When she could not do that, Anderberg brought a foreclosure action against her and her tenants, ultimately taking possession of the land and selling it to Mohonk, which is often the beneficiary of OSI transactions.

Honest land preservation involves a willing seller or donor — not someone from whom land is unwillingly taken. OSI and Mohonk supporters overlook these transgressions, arguing for how much good the organizations allegedly do protecting land from development.

Nobody is contesting that Glynwood Institute and OSI have a right to choose their own tenant. No evidence shows that any of the land transactions involved in Brook Farm have been illegal, though I have not personally studied the deed record. Many locals have noted that as land coms off the tax rolls and is placed in the hands of conservancies, residents of the towns involved end up paying their share of the tax burden. That would be reasonable if the organizations really were acting in the public interest.

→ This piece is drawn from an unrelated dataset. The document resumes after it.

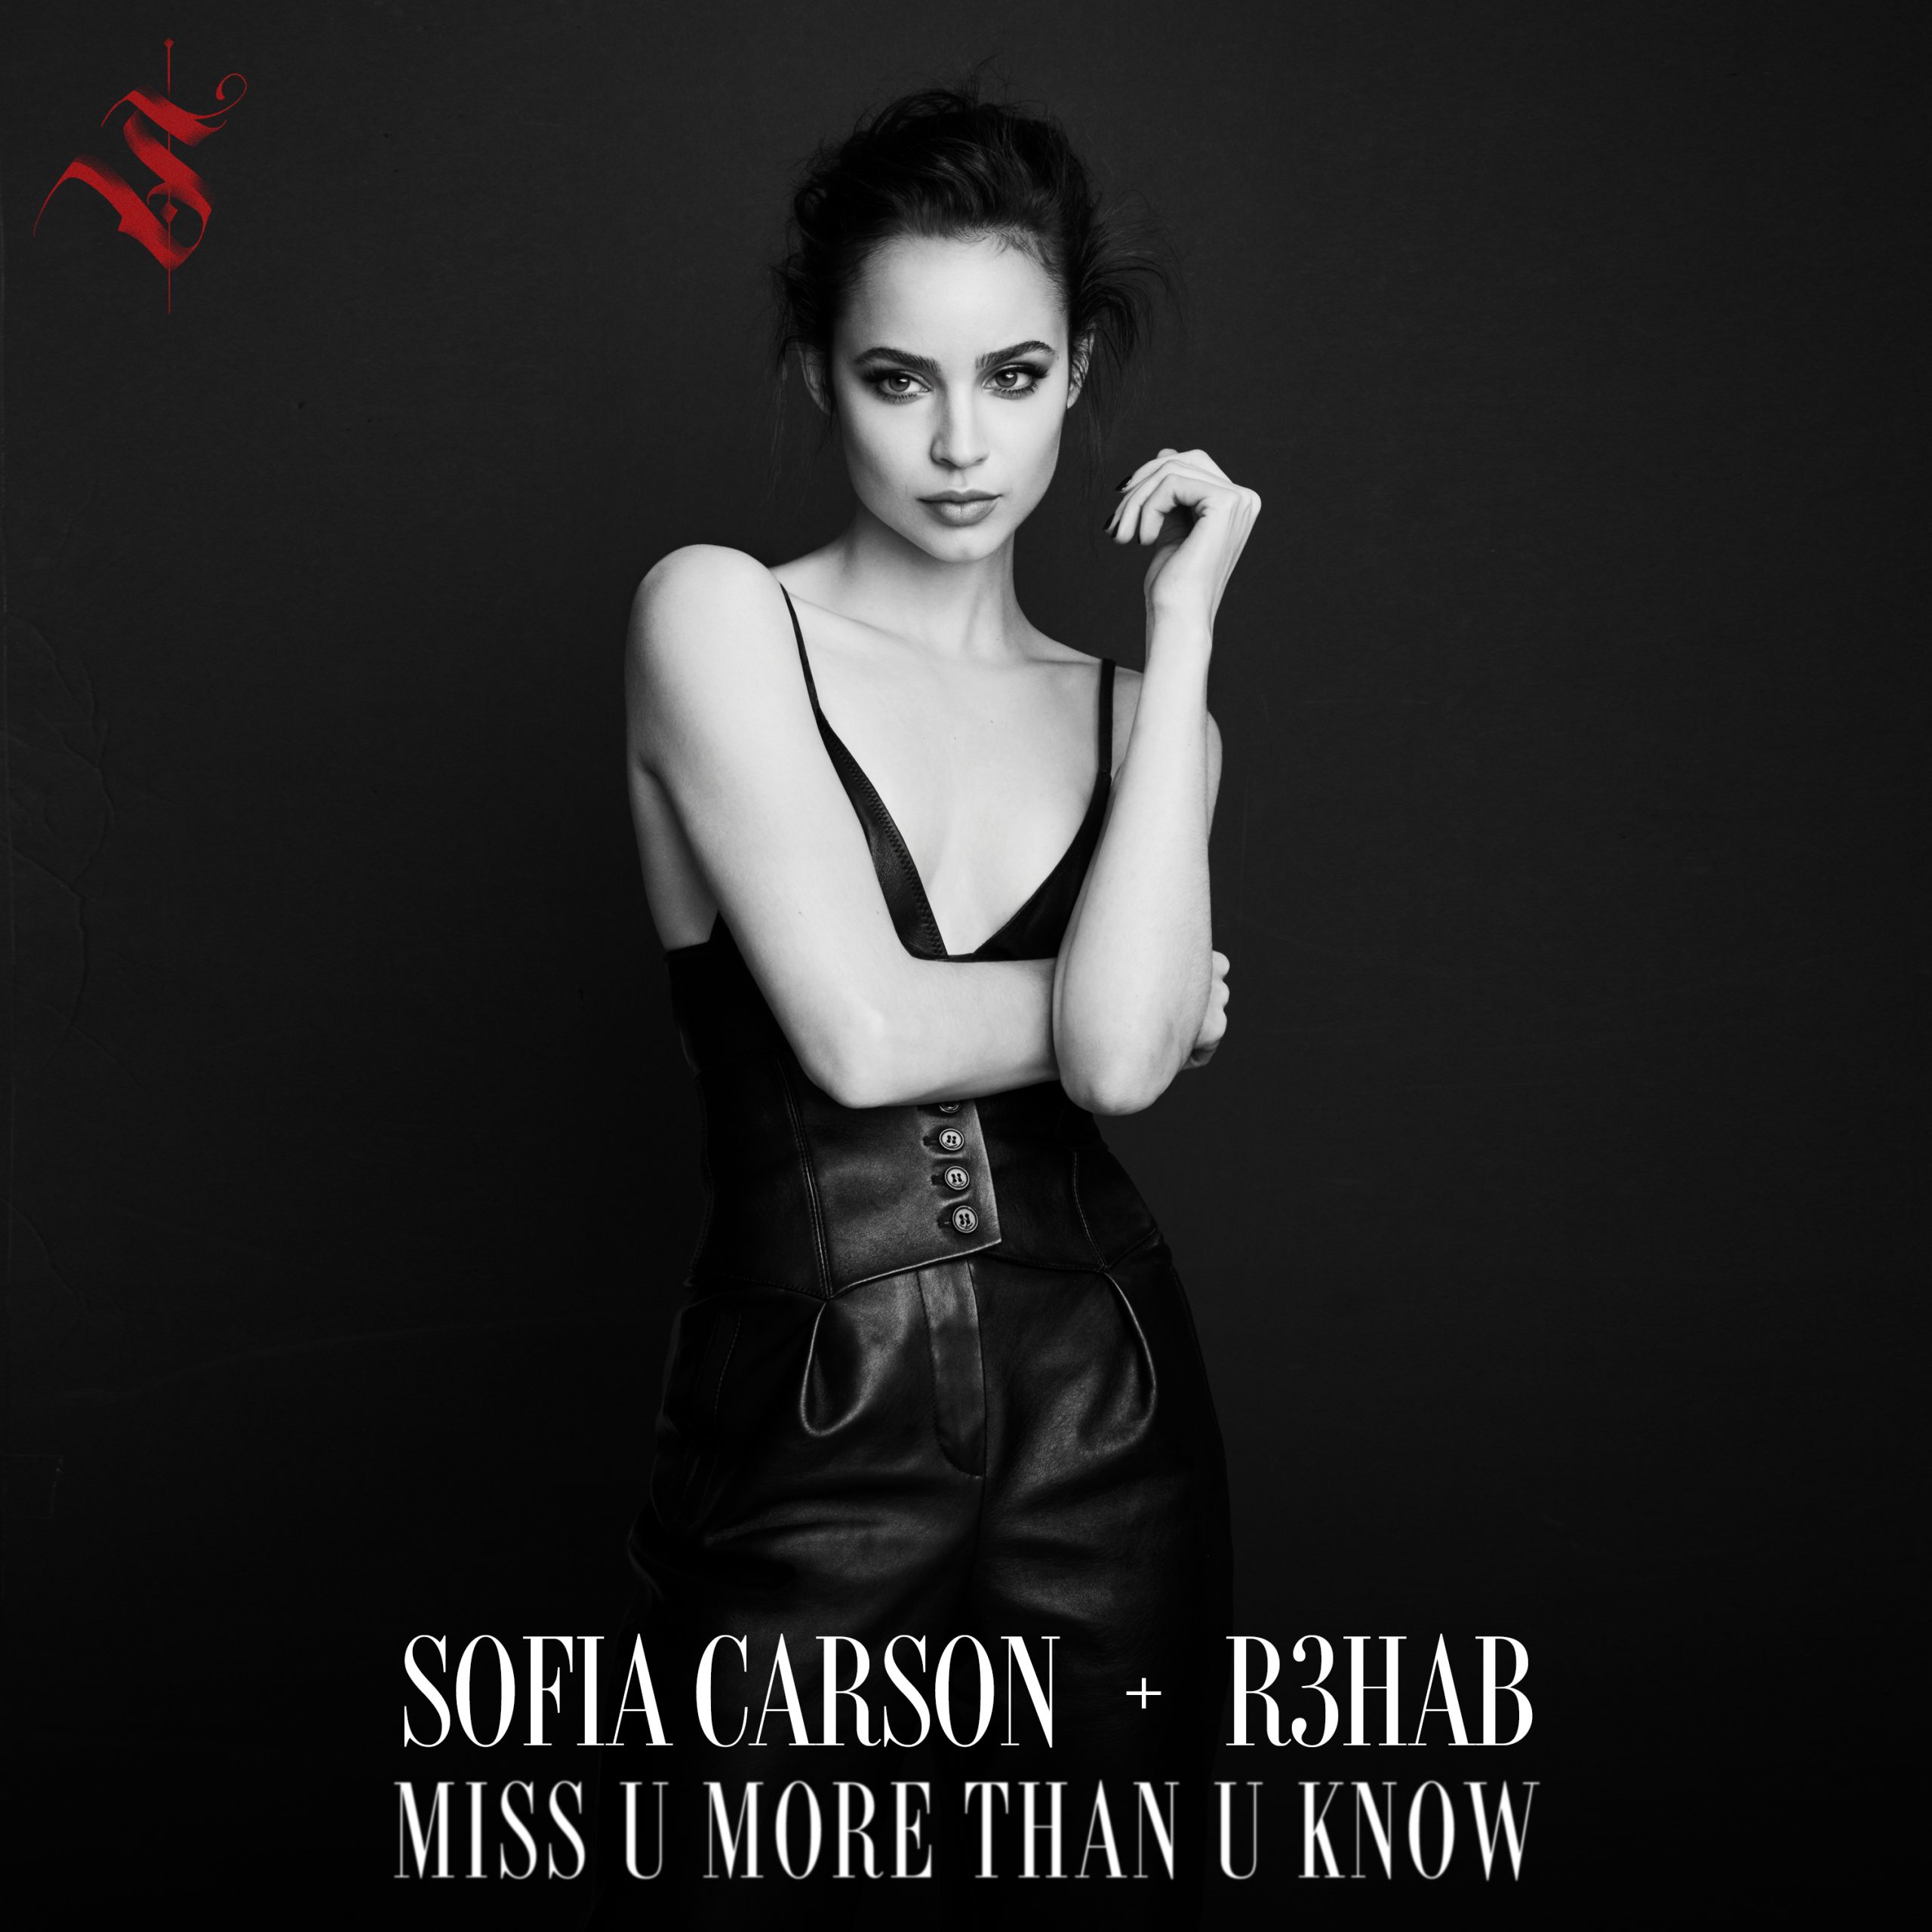 R3hab and Sofia Carson - "Miss U More Than U Know" single artwork

The common thread is about the illusion of something versus the underlying reality. The illusion perpetuated by Mohonk and OSI is that they are good neighbors and stewards, not land-grabbers. They go out of their way to perpetuate that image. Glynwood kicking Brook Farm off the land it’s occupied for 10 years challenges the illusion that Glynwood supports community agriculture or plans to help “incubate” young farmers.

The three organizations involved — Mohonk, OSI and Glynwood — seem to be playing a shell game with accountability for this action. For example, in a series of public statements, Glenn Hoagland, the executive director of the Mohonk Preserve, assured the New Paltz community that Brook Farm Project would be left alone.

In early 2012, The Oracle student newspaper at SUNY New Paltz covered the foothills acquisition project and reported that, “Hoagland confirmed that the Brook Farm CSA will continue leasing property.”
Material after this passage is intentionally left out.